Il est vrai que, dans ce domaine, plusieurs poussent trop loin sans être formés pour faire face aux conséquences. Beaucoup de gens ne connaissent pas leur propre condition et se lancent dans des cours de plus en plus extrêmes, tentant d’atteindre des niveaux avancés trop rapidement. Le respect du corps, c’est la base même du yoga mais la sacro-sainte performance vient déloger l’aspect relaxation et zénitude de la pratique.

Lorsque je lis des histoires d’abus de la sorte, ça vient me chercher car je me dis que ça peut arriver à tout le monde. On ne peut pas juger ceux et celles qui se sont fait ensorceler car c’est du travail fignolé et de longue haleine pour réussir à isoler les victimes, à les convaincre et les inciter à se couper des autres qui ne sont pas dans la « clique ».

J’ai de la peine pour ces proies qui se réveillent, maintenant, face à la dure réalité : tout cela n’était que mirage et elles ont souvent perdu gros. Et nul besoin d’atteindre un tel niveau d’enrôlement : on a tous vu des gens se laisser convaincre d’investir dans des entreprises à risque ou de suivre des conférences ou formations plus ou moins officielles. Alex Perron en fait d’ailleurs un spectacle actuellement, se moquant des coachs de vie qui poussent comme les pissenlits.

Je ne dis pas que tous ces gens sont des charlatans mais, bien souvent, une personne a soigné ses propres blessures et se découvre un talent d’orateur après avoir retrouvé sa confiance et son estime de soi. Ça n’en fait pas pour autant une référence. Ça peut faire du bien, j’y assiste moi-même par moment, par plaisir. Mais il faut faire attention à ce qu’on laisse entrer dans nos vies.

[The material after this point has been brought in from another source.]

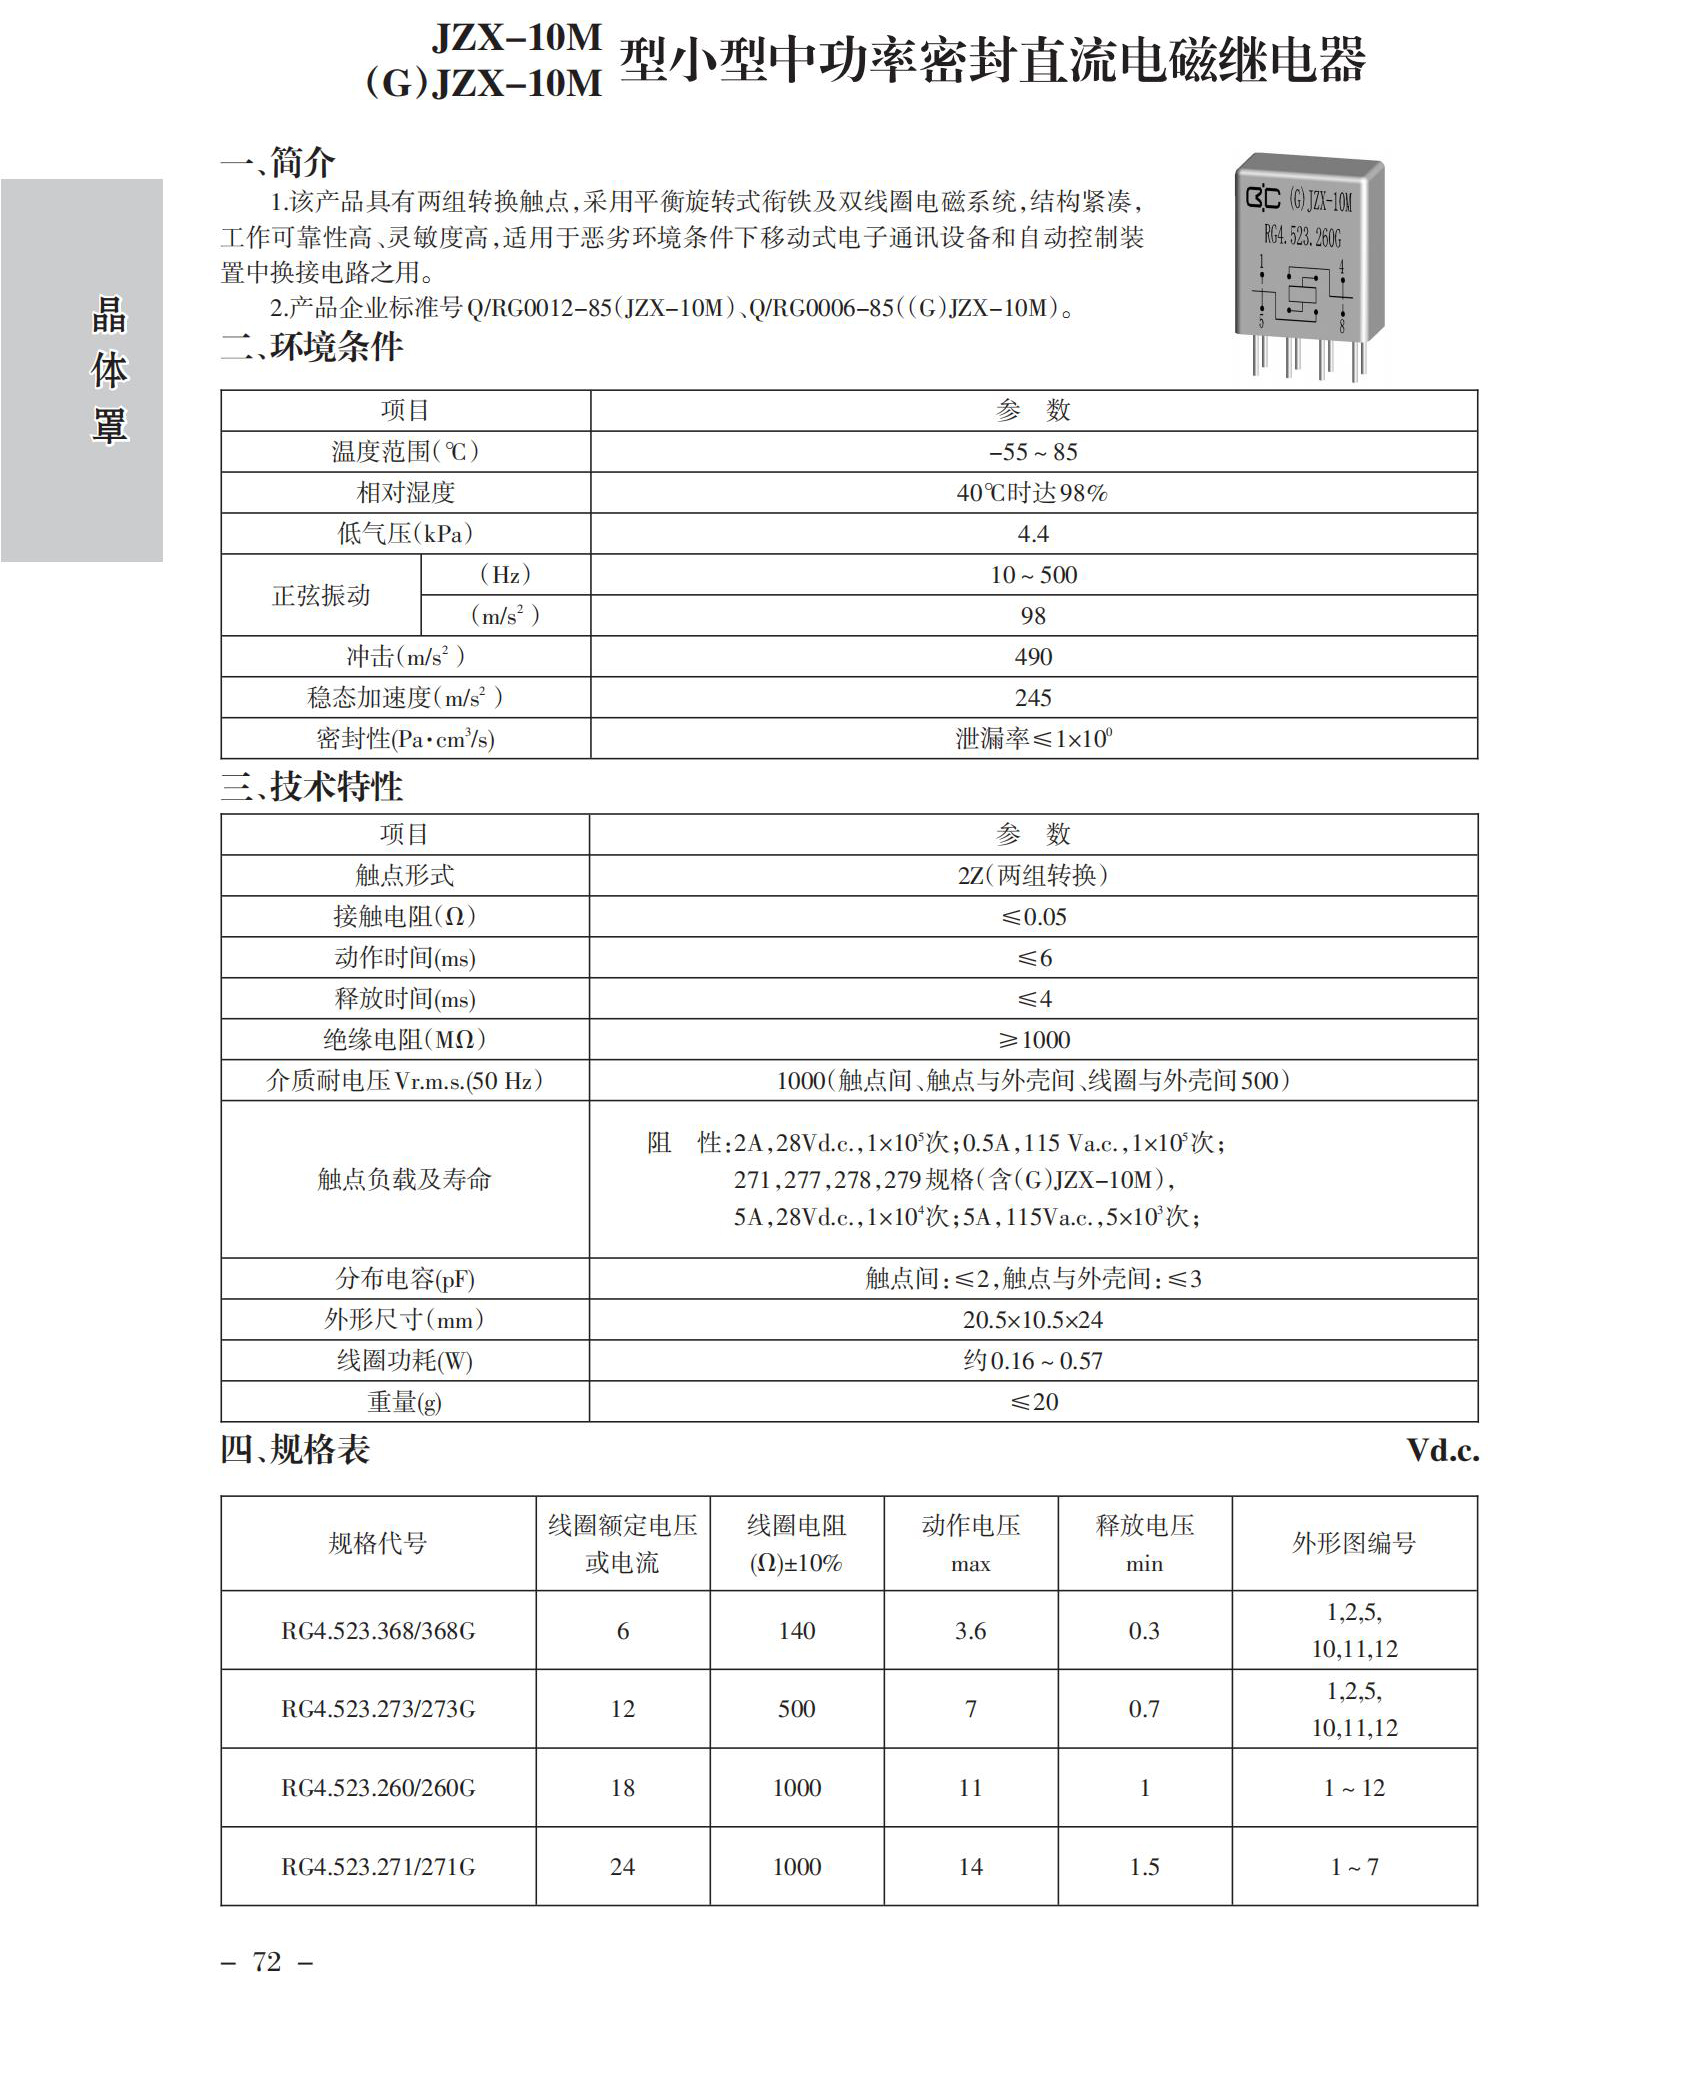 JZX-10M(G)JZX-10M中文版_001.jpg
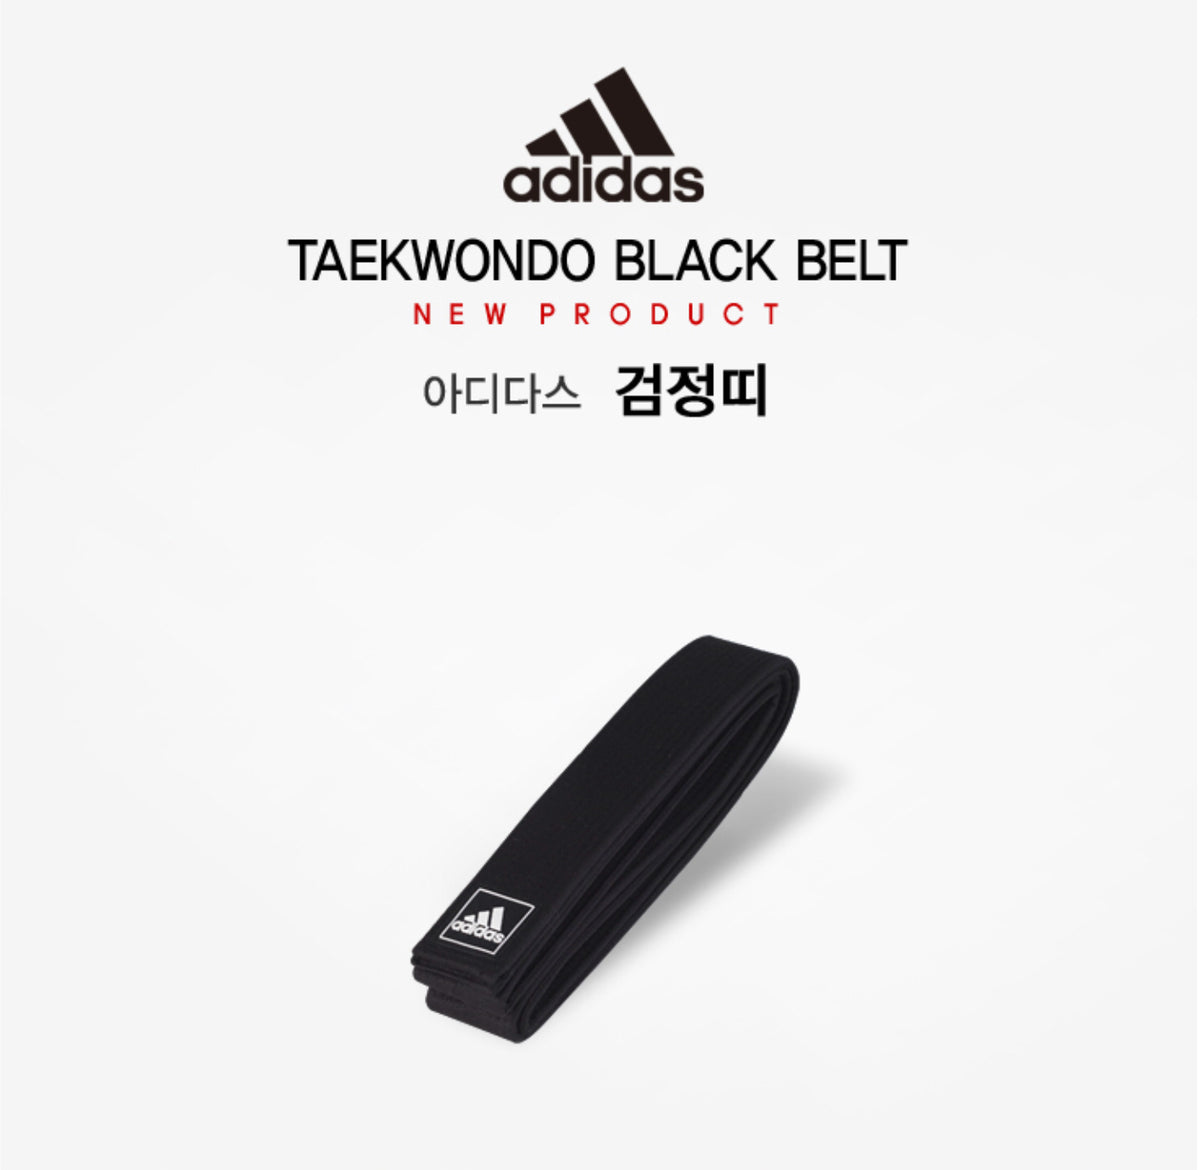 adidas taekwondo black belt

La morale de cette histoire, je crois, c’est qu’il faut être prudent dans notre recherche du bonheur. Quand la recette semble trop facile, méfiez-vous. Et rappelez-vous toujours que vous êtes le seul maître de votre vie : personne ne peut ou ne devrait vous dire quoi faire. Soyez toujours libre de faire ce qu’il vous plait de votre temps et votre argent. Et surtout, lorsque vous vivez un coup dur, tournez-vous vers votre famille et vos amis sincères et non vers de parfaits inconnus qui vous promettent une guérison miracle… Finalement, si vous dérapez un peu, ne vous culpabilisez pas. Soyez conscients mais indulgents envers vous-même. Namasté!